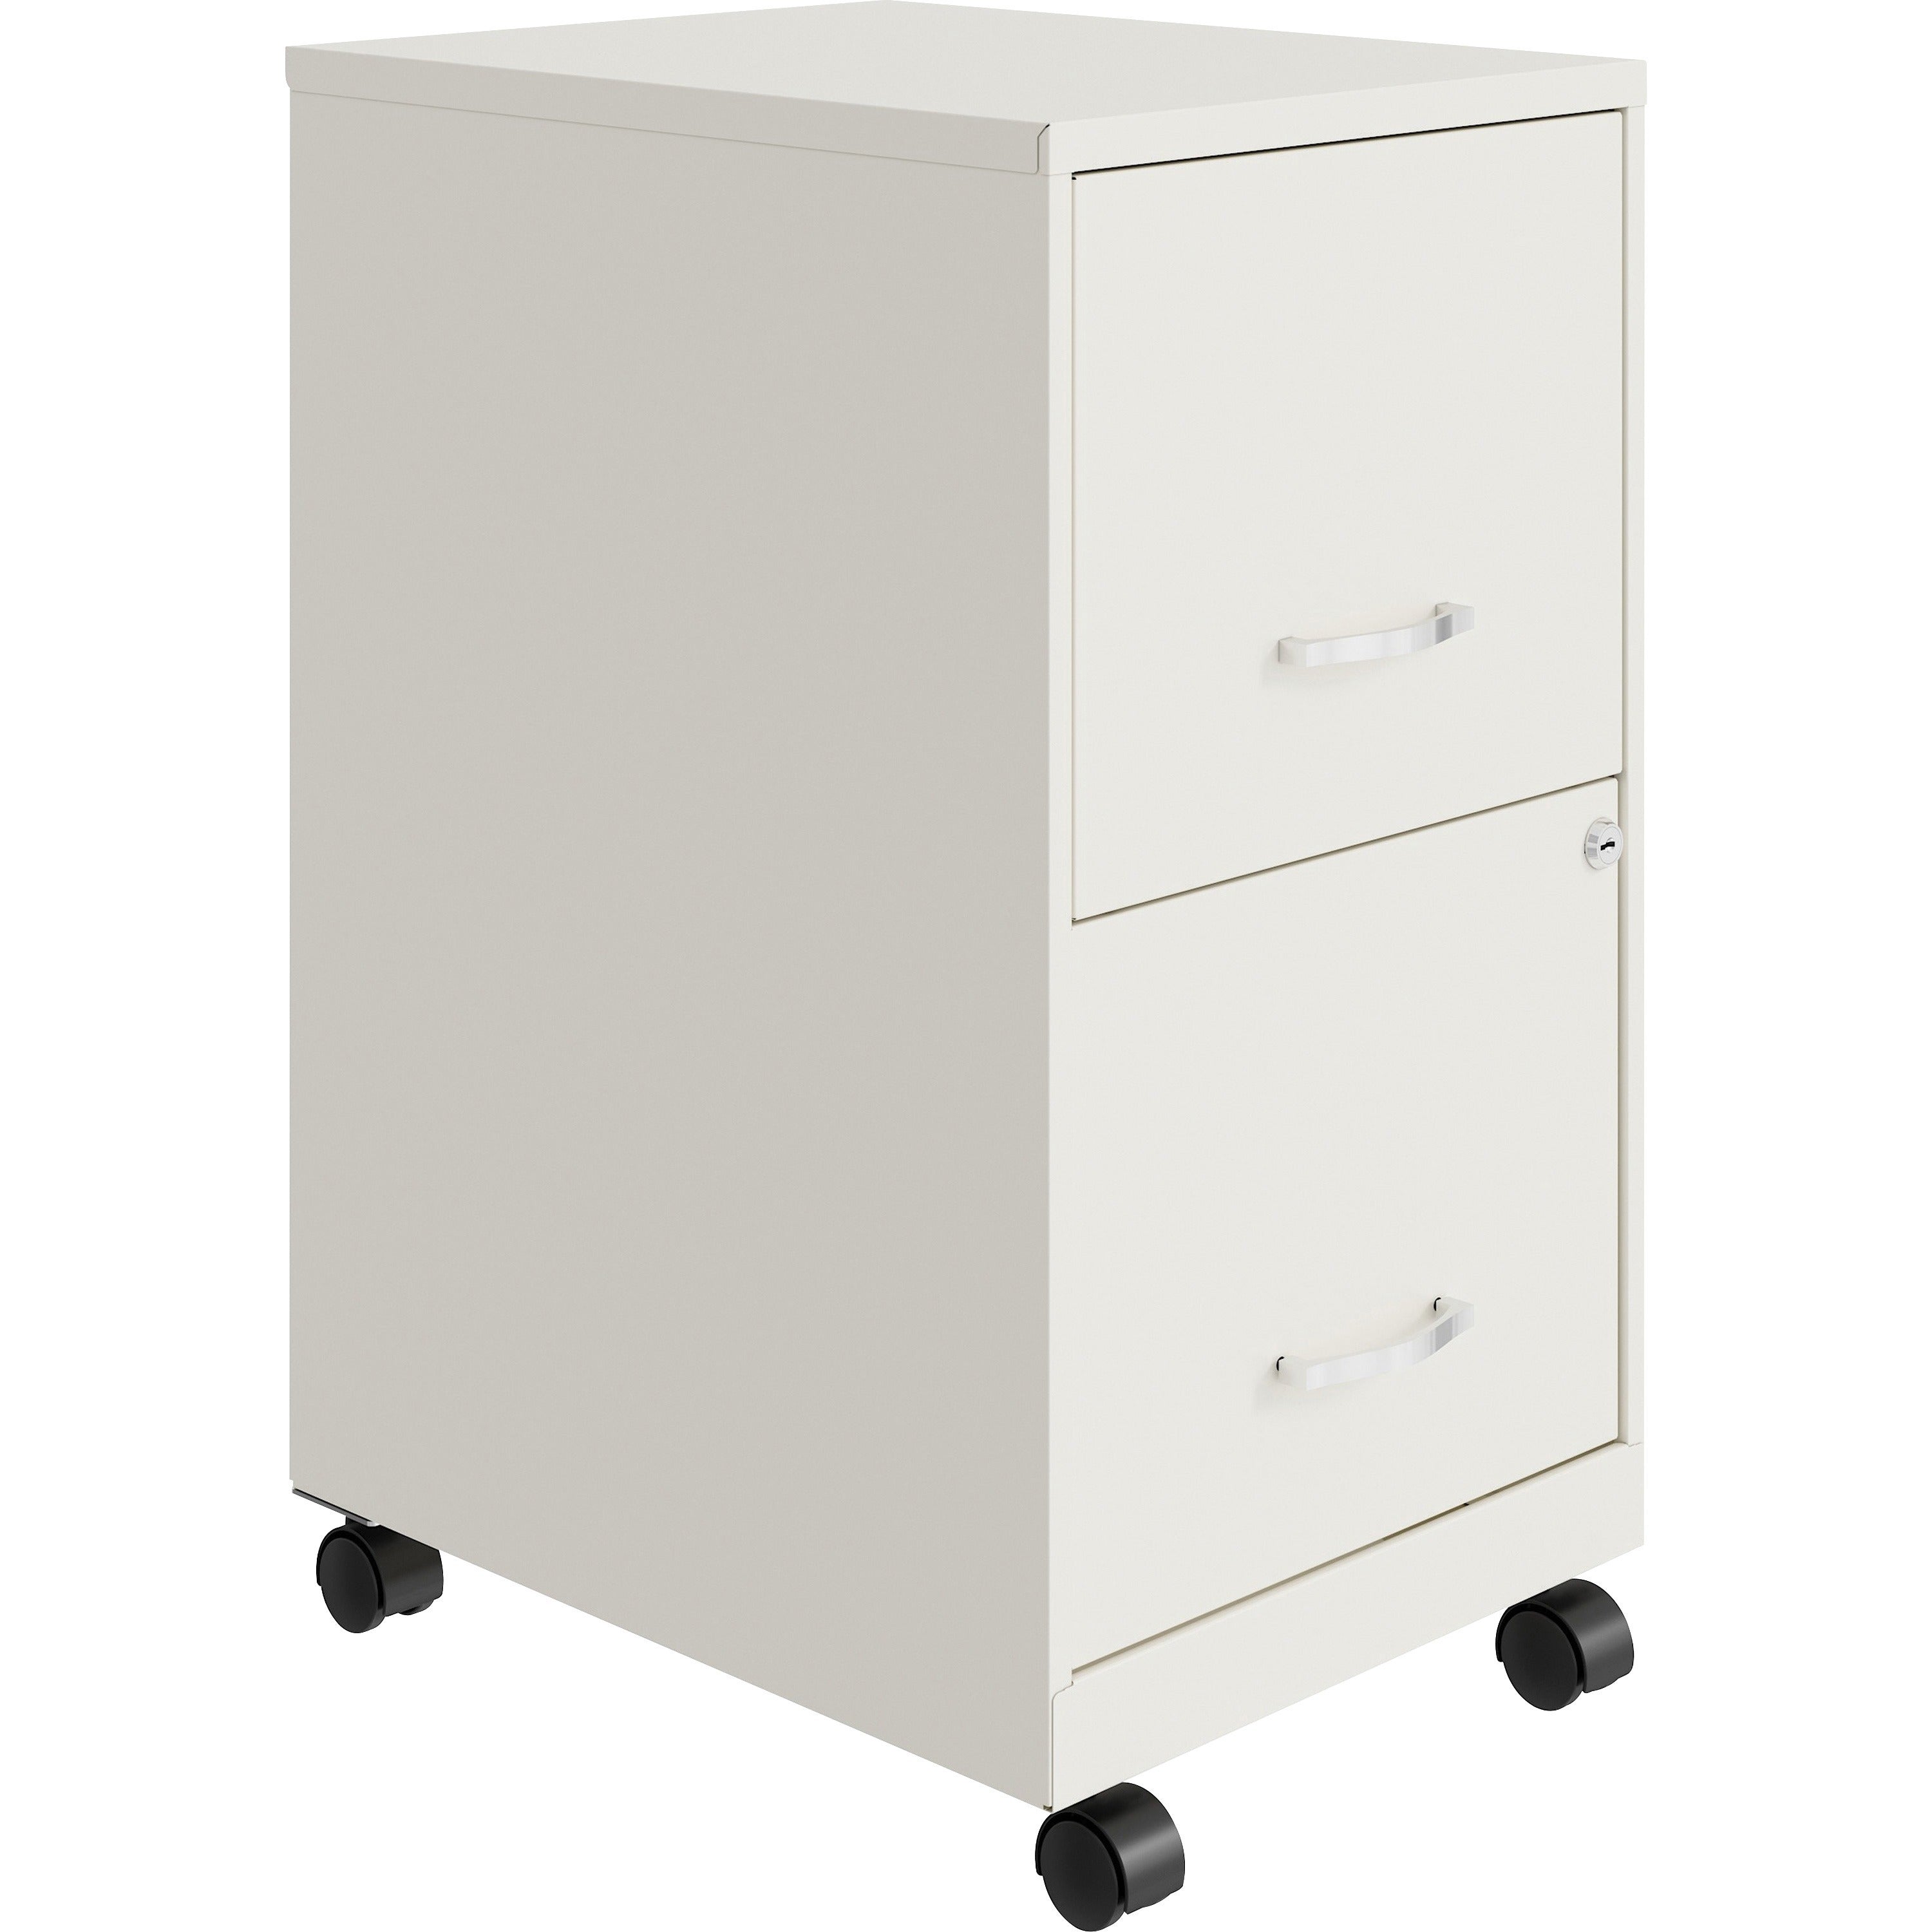 nusparc-mobile-file-cabinet-142-x-18-x-265-for-file-letter-mobility-locking-drawer-glide-suspension-3-4-drawer-extension-cam-lock-nonporous-surface-white-painted-steel-steel-recycled-assembly-required_nprvf218amwe - 1
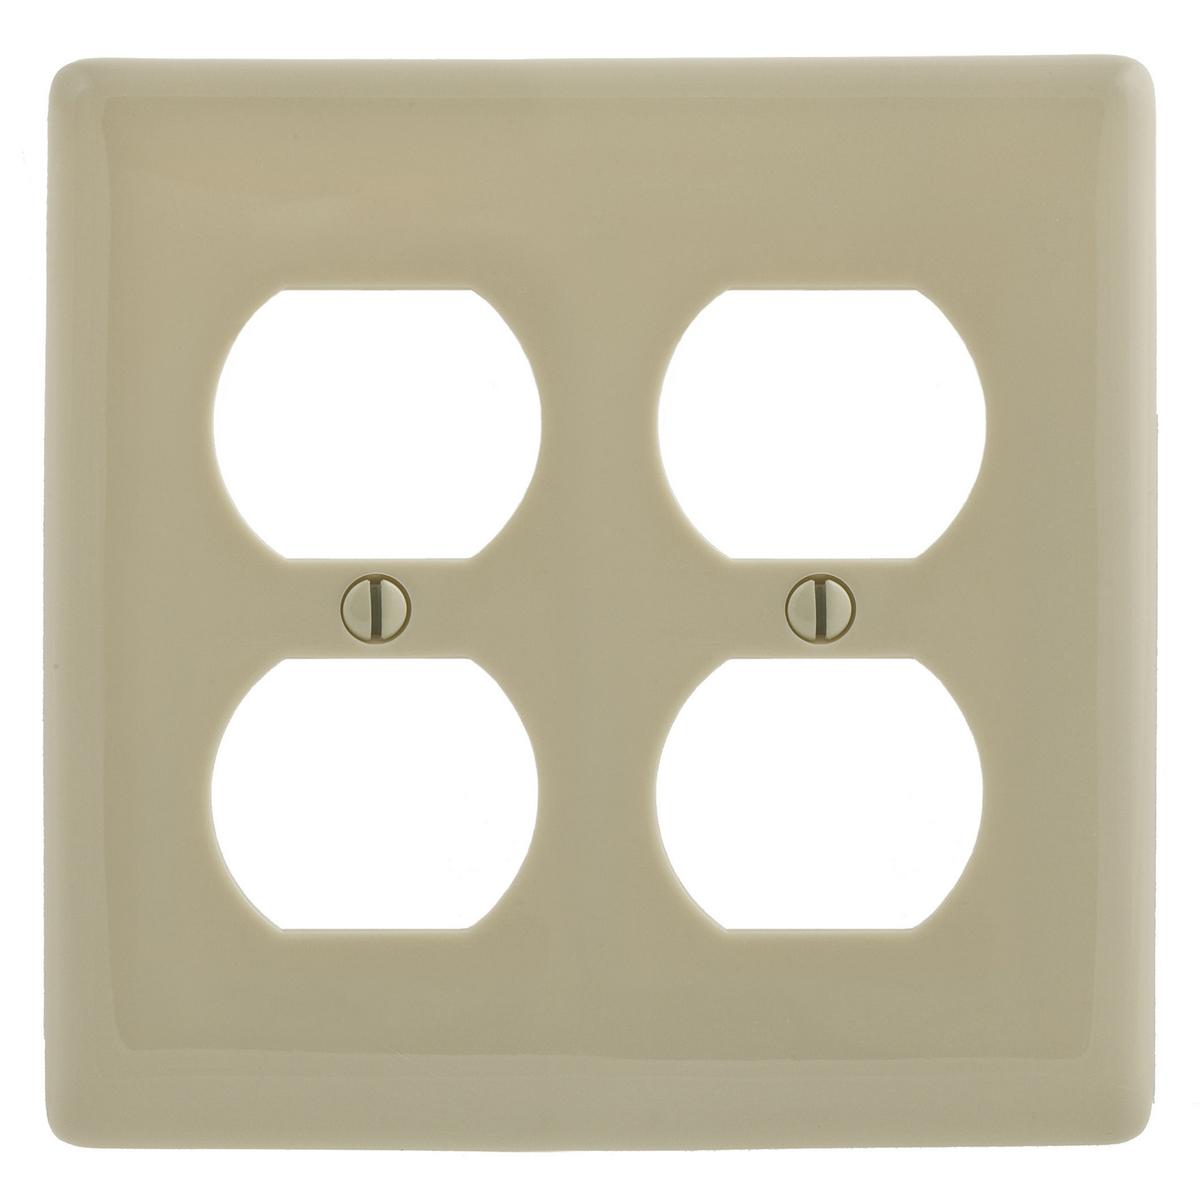 Hubbell NP82I Wallplates and Box Covers, Wallplate, Nylon, 2-Gang, 2) Duplex, Ivory  ; Reinforcement ribs for extra strength ; Captive screw feature holds mounting screw in place ; High-impact, self-extinguishing nylon material ; Standard Size is 1/8" larger to give yo
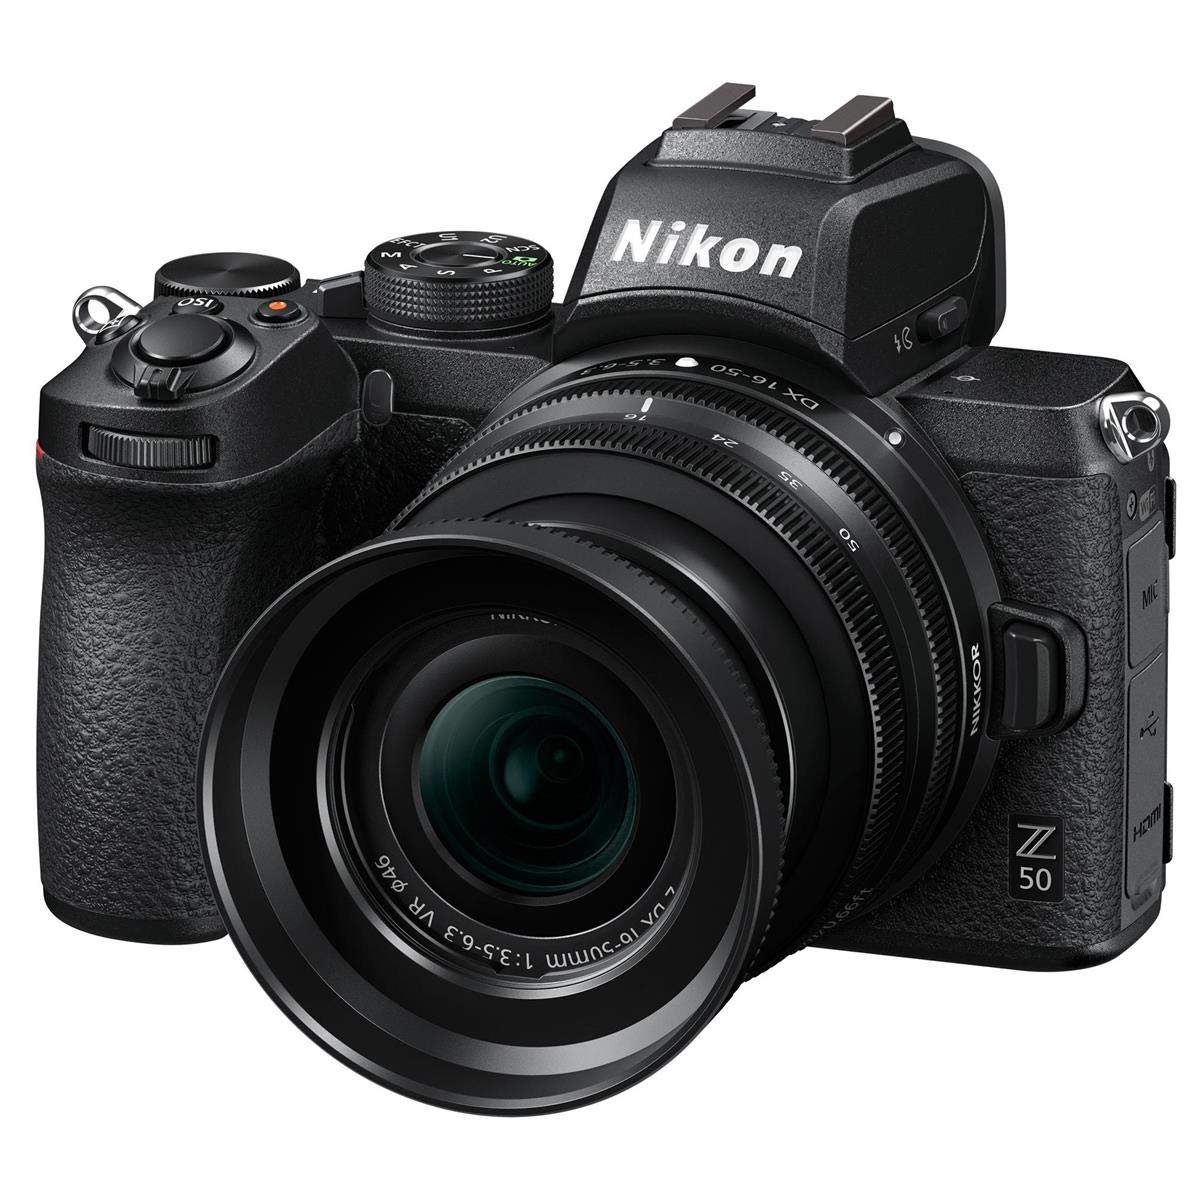 Nikon Z 50 DX-Format Mirrorless Camera with 16-50mm f/3.5-6.3 VR Lens, Bundle with FTZ II Mount Adapter and Accessories

_ _ _

What you need to do —
With images omitted, retype the data word for word.

Solution to this problem —
 nusparc-mobile-file-cabinet-142-x-18-x-265-for-file-letter-mobility-locking-drawer-glide-suspension-3-4-drawer-extension-cam-lock-nonporous-surface-white-painted-steel-steel-recycled-assembly-required_nprvf218amwe - 1
 Hubbell NP82I Wallplates and Box Covers, Wallplate, Nylon, 2-Gang, 2) Duplex, Ivory  ; Reinforcement ribs for extra strength ; Captive screw feature holds mounting screw in place ; High-impact, self-extinguishing nylon material ; Standard Size is 1/8" larger to give yo
 Nikon Z 50 DX-Format Mirrorless Camera with 16-50mm f/3.5-6.3 VR Lens, Bundle with FTZ II Mount Adapter and Accessories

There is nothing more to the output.